Abstract
Objective
Mammographic breast density (BDen), the ratio of glandular volume (GVol) to breast volume (BVol), is the second most prevalent risk factor for breast cancer (BC). Newly developed photon counting technology allows precise and systematic measurements in clinical practice. Our objective is to see how these parameters change with age in women with and without cancer.
Materials and methods
This retrospective study analyzed results of BDen, GVol, and BVol in 64,182 mammograms performed with photon counting technology on 32,448 consecutive women from April 2014 to December 2015. Only their first study was included. We excluded women with incomplete data or with breast implants.
Results
Mean age of women without BC diagnosed during the study period was 52.1 ± 9.9. BC and was found in 263 women (0.81%).
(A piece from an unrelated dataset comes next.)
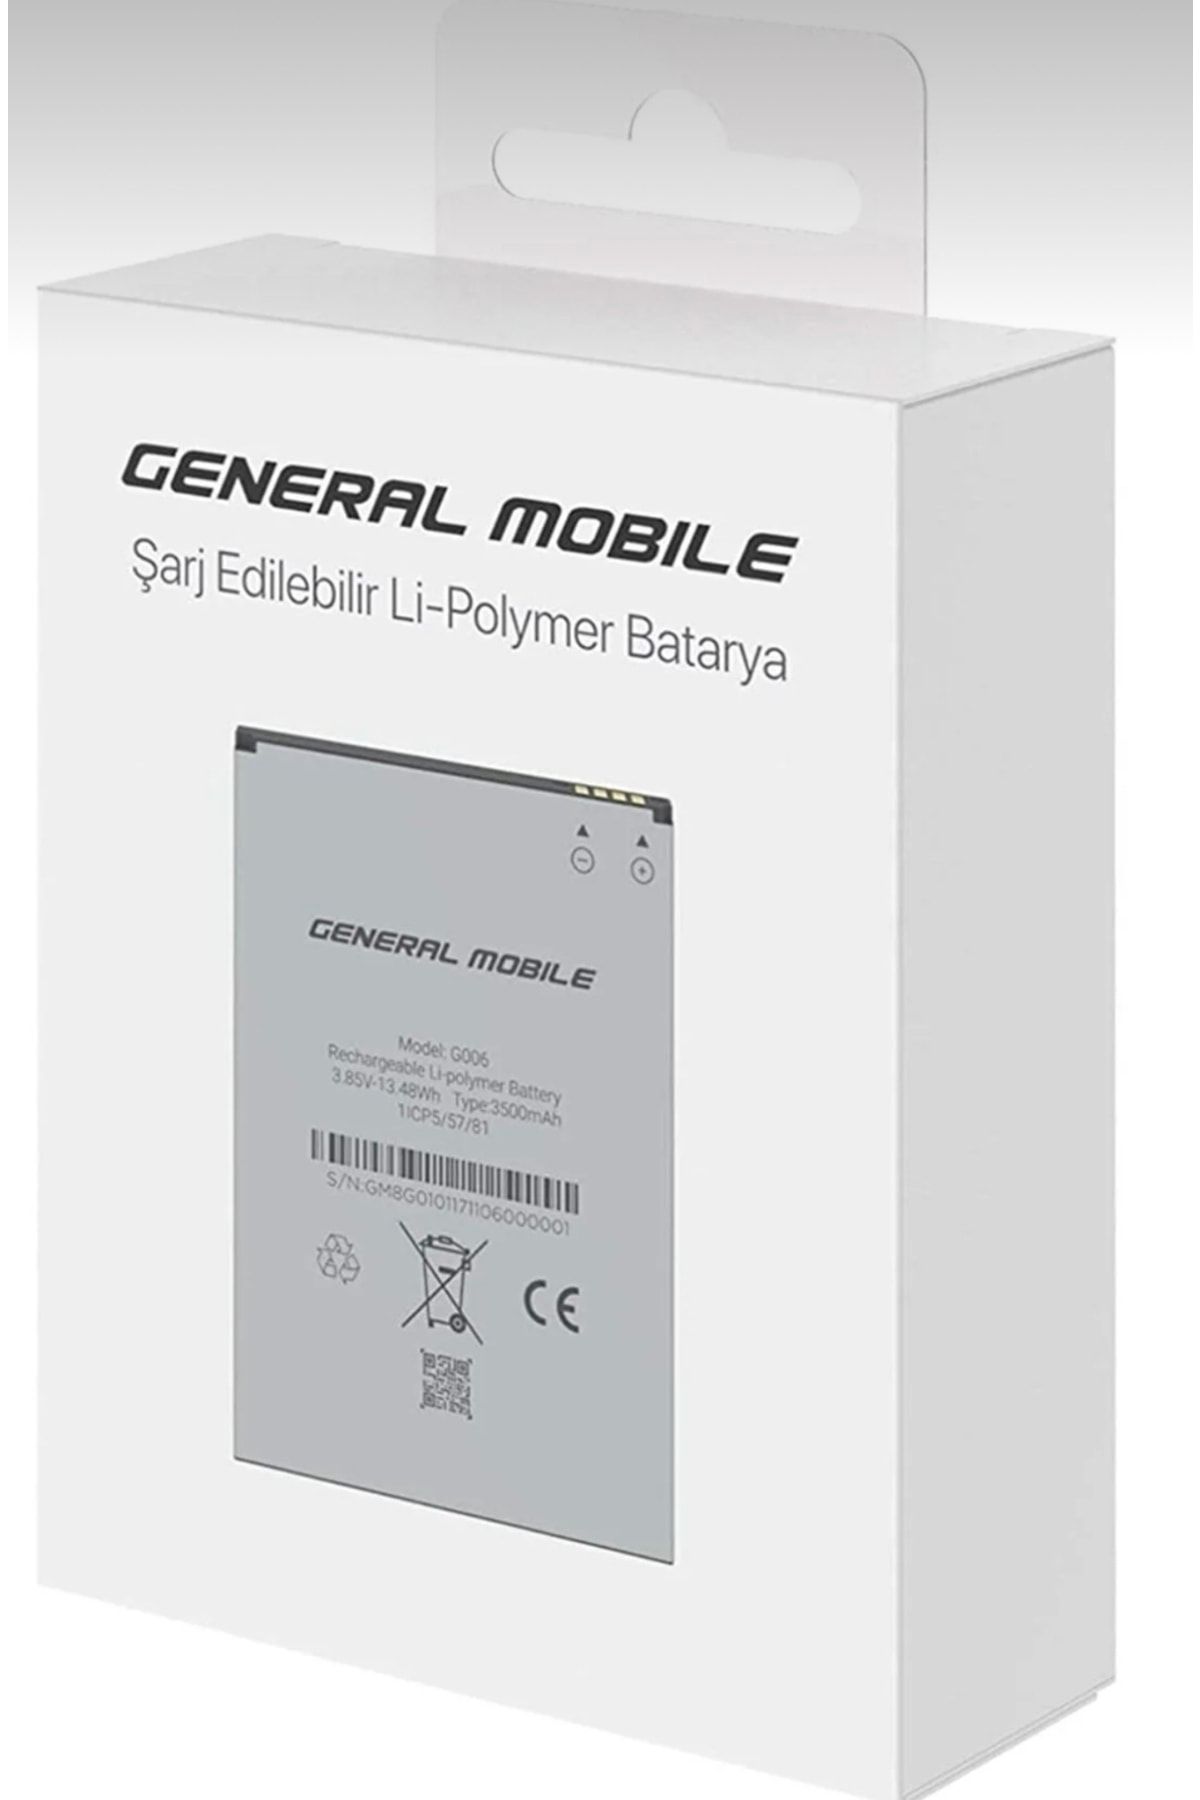 General Mobile General Mobil Gm8 Go - Gm9 Go Batarya Pil 3500 Mah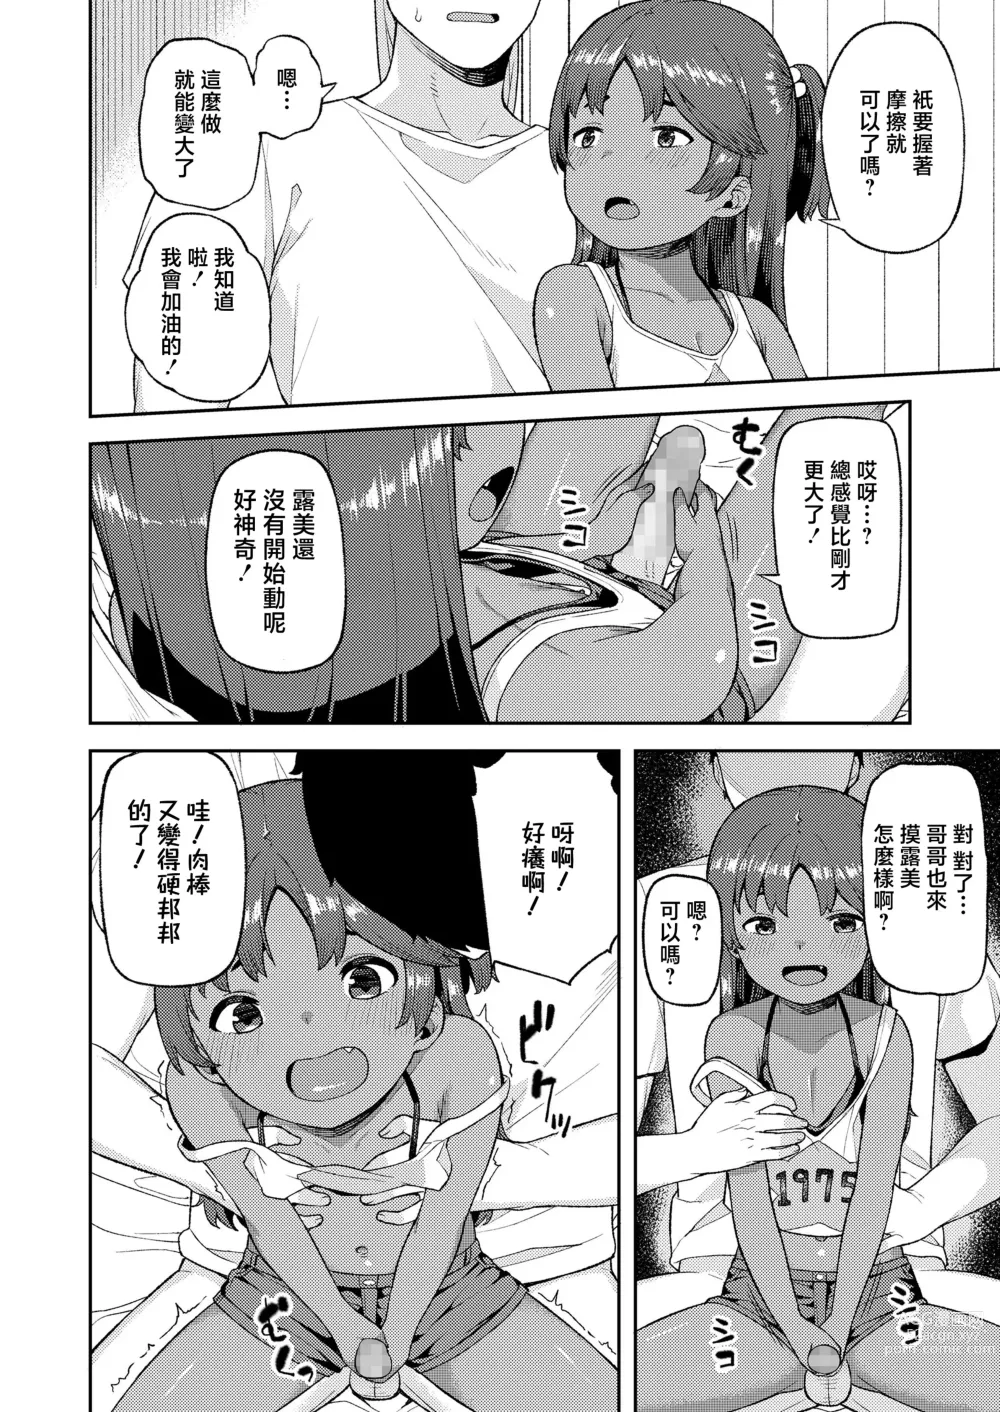 Page 4 of manga Aka-chan Tsukuri no Yoshuu

Mean age was 53.0 ± 10.4. BDen, GVol, and BVol were 14%, 24%, and 2% greater in women with BC (P < 0.001 for BDen and GVol and P = 0.02 for BVol). BDen and GVol diminished following similar patterns across age in both groups, with soft slopes before and after a steep drop from 50 to 60, probably due to menopause.
Conclusion
BDen diminishes with age in women with or without BC, but it is generally higher in women with BC. GVol could be a more robust indicator associated with BC risk than BDen. This technology can ease the way to studies of interventions to diminish BDen (or GVol) in the hope of diminishing BC incidence or predict if longitudinal changes are indicative of impending cancer.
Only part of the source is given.